>ALUMINIUM SECTOR
■ Depreciating rupee to cushion impact of lower commodity prices
Aluminium prices have tumbled from its highs hit earlier in the year (29% from peak) on worries about the strength of the global economy and thus potential industrial demand, particularly as the European sovereign-debt crisis continues. With LME prices near US$2,000/ton, we see half of the industry in red (average global aluminium cost ~US$2,000/ton) and this would lead to production cuts going ahead. We revise our aluminium prices estimates for FY12 to US$2,310/ton and US$2,250/ton for FY13. The impact of lower commodity prices on profitability of domestic metal producers would be cushioned by the sharp depreciation in the rupee against the dollar (19% YTD). So while producers in other countries have seen 10-15% fall in revenues, domestic producers would see just a 1-3% fall.
■ Hindalco: Novelis to drive earnings
Hindalco has corrected sharply on account of 1) delay in capacity expansion plan 2) rising interest costs 3) high coal costs 4) weak commodity prices. We believe that most of the negatives are priced in. In FY13, some rebound in demand and debottlenecking activities would drive 4-5% volume growth for Novelis. We expect adjusted EBIDTA/ton for Novelis to increase from US$346/ton in FY11 to US$359/ton in FY12 and US$368/ton in FY13. On a consolidated basis, we expect the company to witness an EBIDTA CAGR of 14.7% over FY11-13 led by higher contribution from Novelis. Earnings from Novelis would be resilient enough to withstand any global shocks and thereby provide downside support to the stock price. We recommend a BUY based on our sum-of-the-parts (SOTP) 9-month fair value of Rs185.

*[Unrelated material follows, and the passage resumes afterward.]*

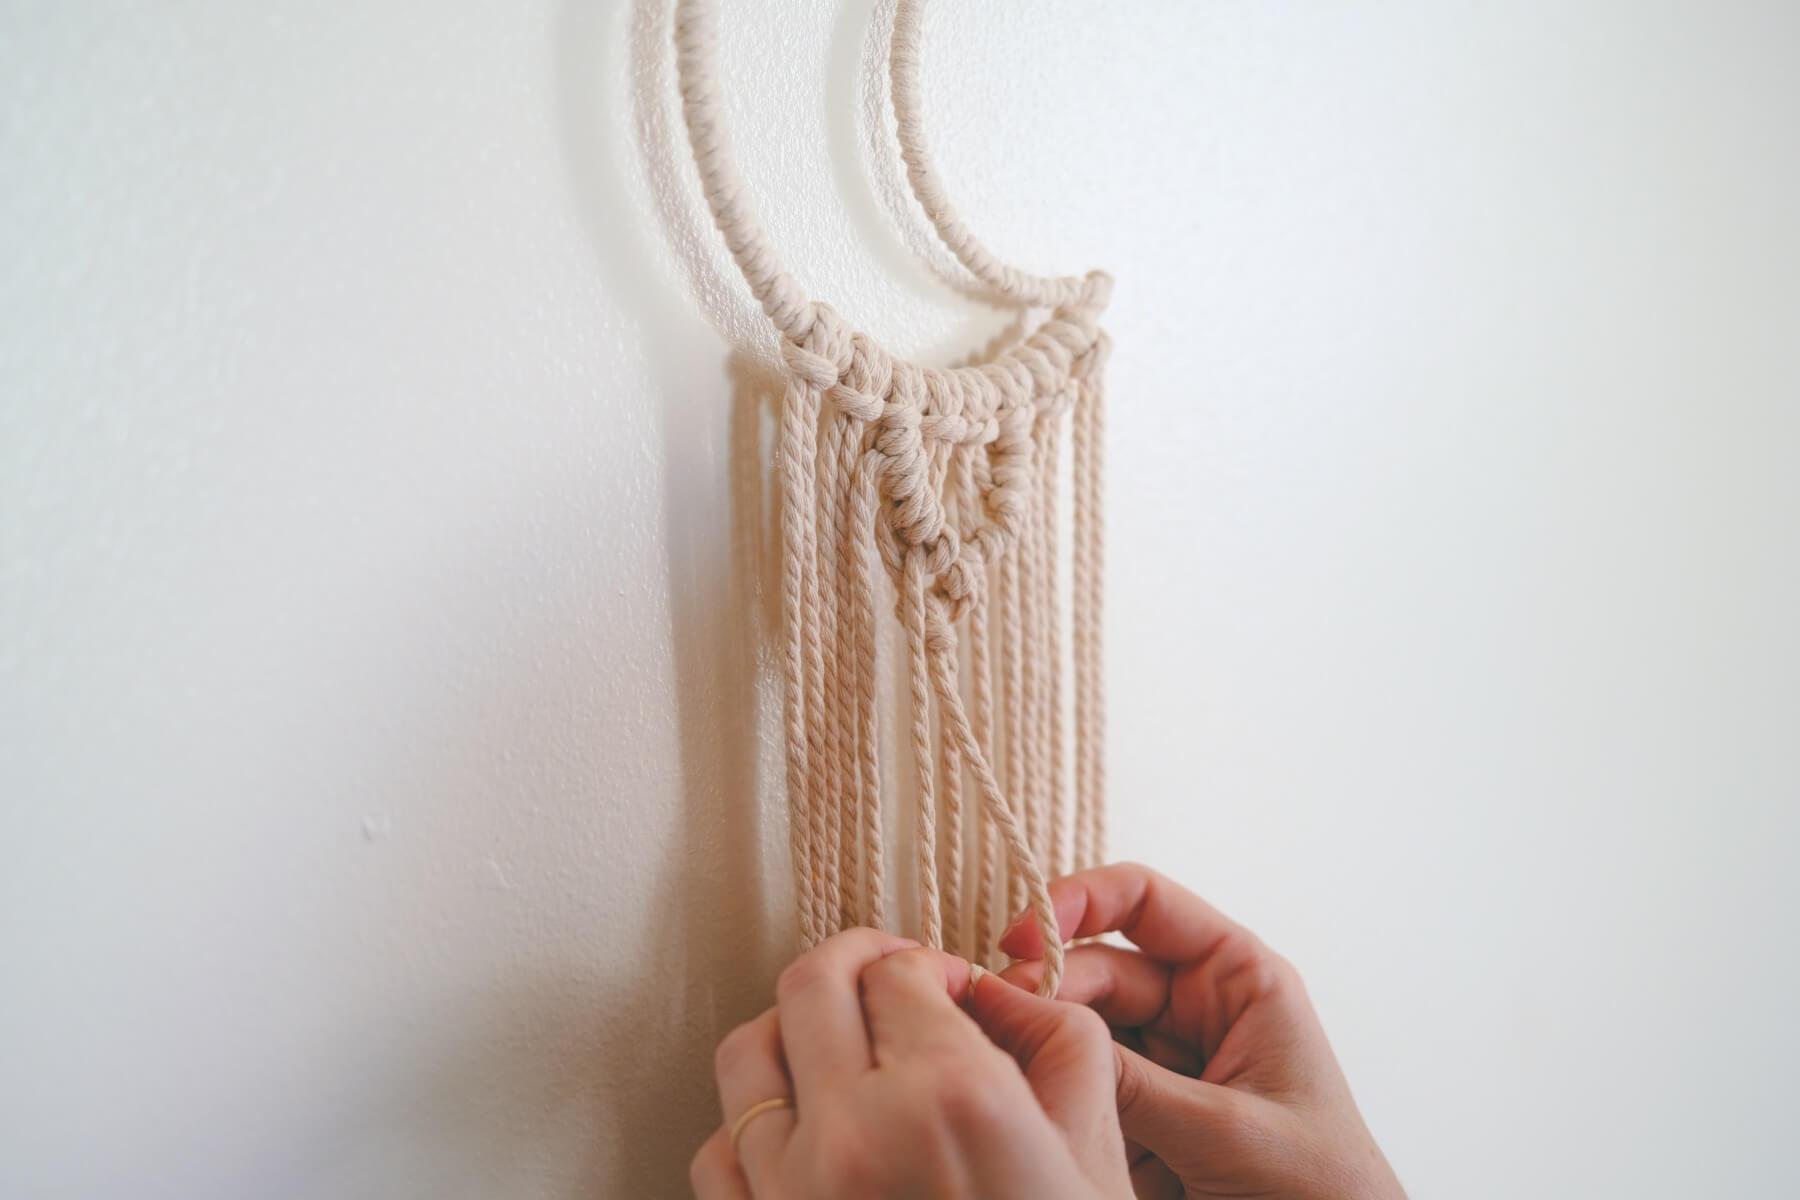 knot making macrame wall hanging tutorial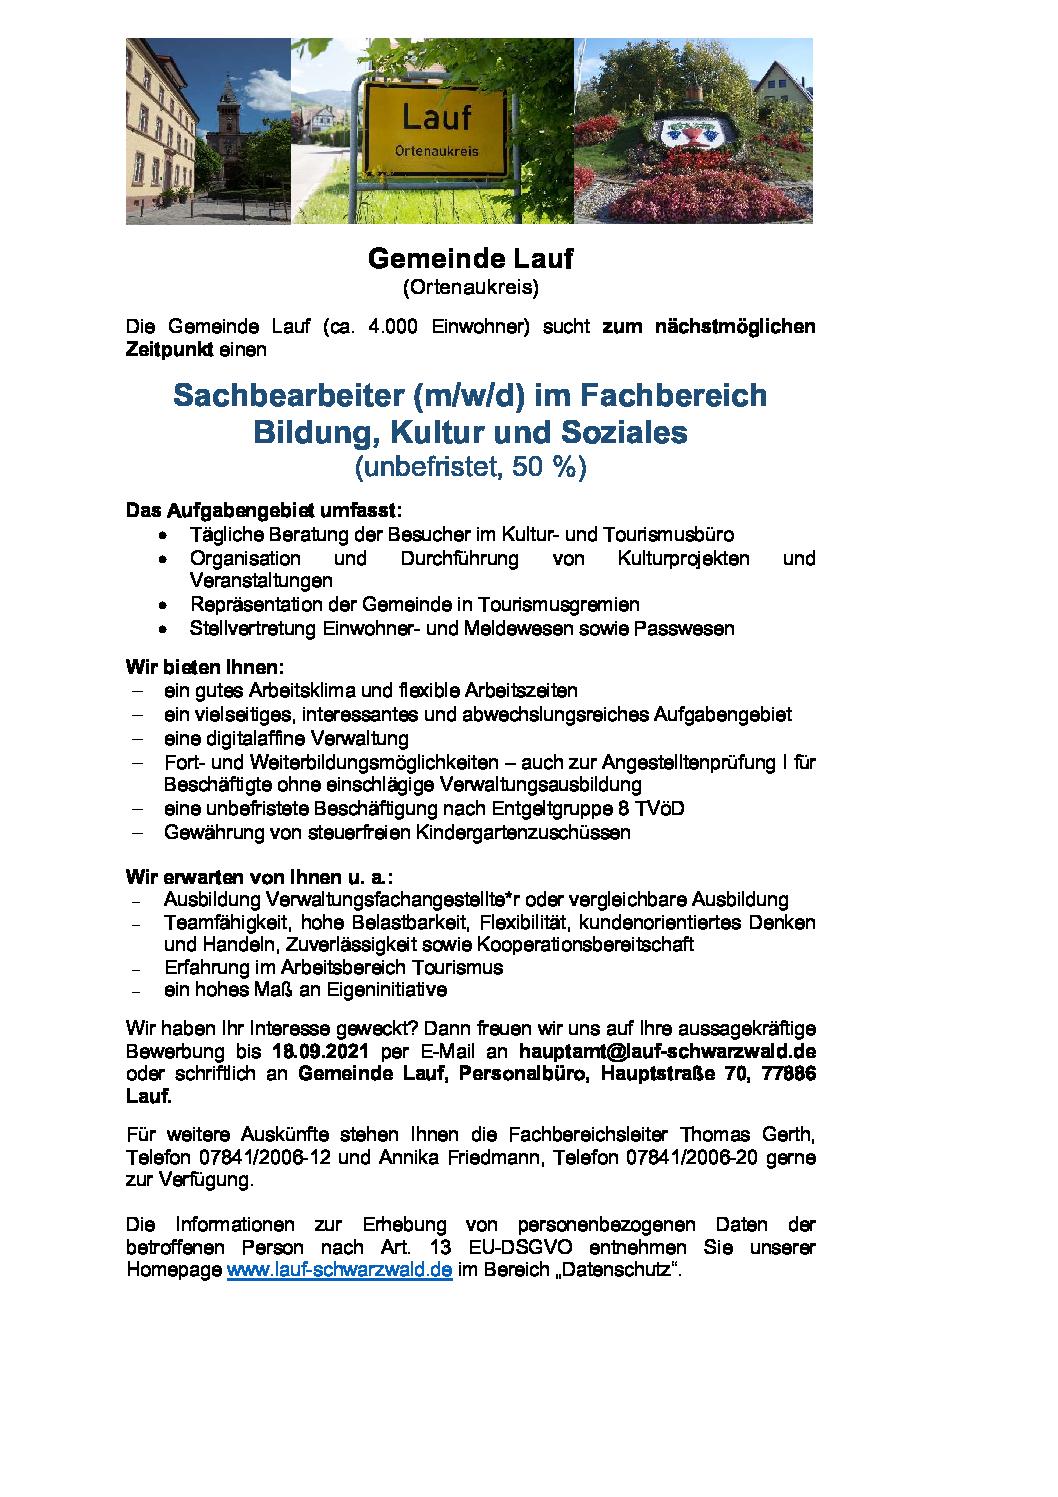 Stellenausschreibung – Sachbearbeiter (m/w/d) im Fachbereich  Bildung, Kultur und Soziales  (unbefristet, 50 %)

■ NALCO: Risk-reward favorable; Upgrade to BUY
NALCO’s stock price has halved over the last six months on account of depressed Q2 FY12 results and weak commodity prices. We believe the company has formed a bottom in terms of profitability in Q2 FY12 and the worst is behind us. We expect margins to improve from Q2 FY12 levels on the back of improved coal supply and higher exports of alumina. We expect OPM to improve drastically from the 9.5% reported in Q2 FY12 to 21.1% in FY13. With no major capex over the next two years, we estimate cash levels to increase from Rs56bn to Rs70bn by end-FY13. Our FY13 cash levels account for 54% of the current market cap and would lend support to the stock price. At the CMP of Rs51, the company is trading at 5.2x FY12 EV/EBIDTA and 4x FY13 EV/EBIDTA which is at a ~50% discount to its historic one year forward average multiple of 10.5x. We do not see much downside from the current levels and upgrade the stock from Market Performer to BUY with a revised 9-month price target of Rs60.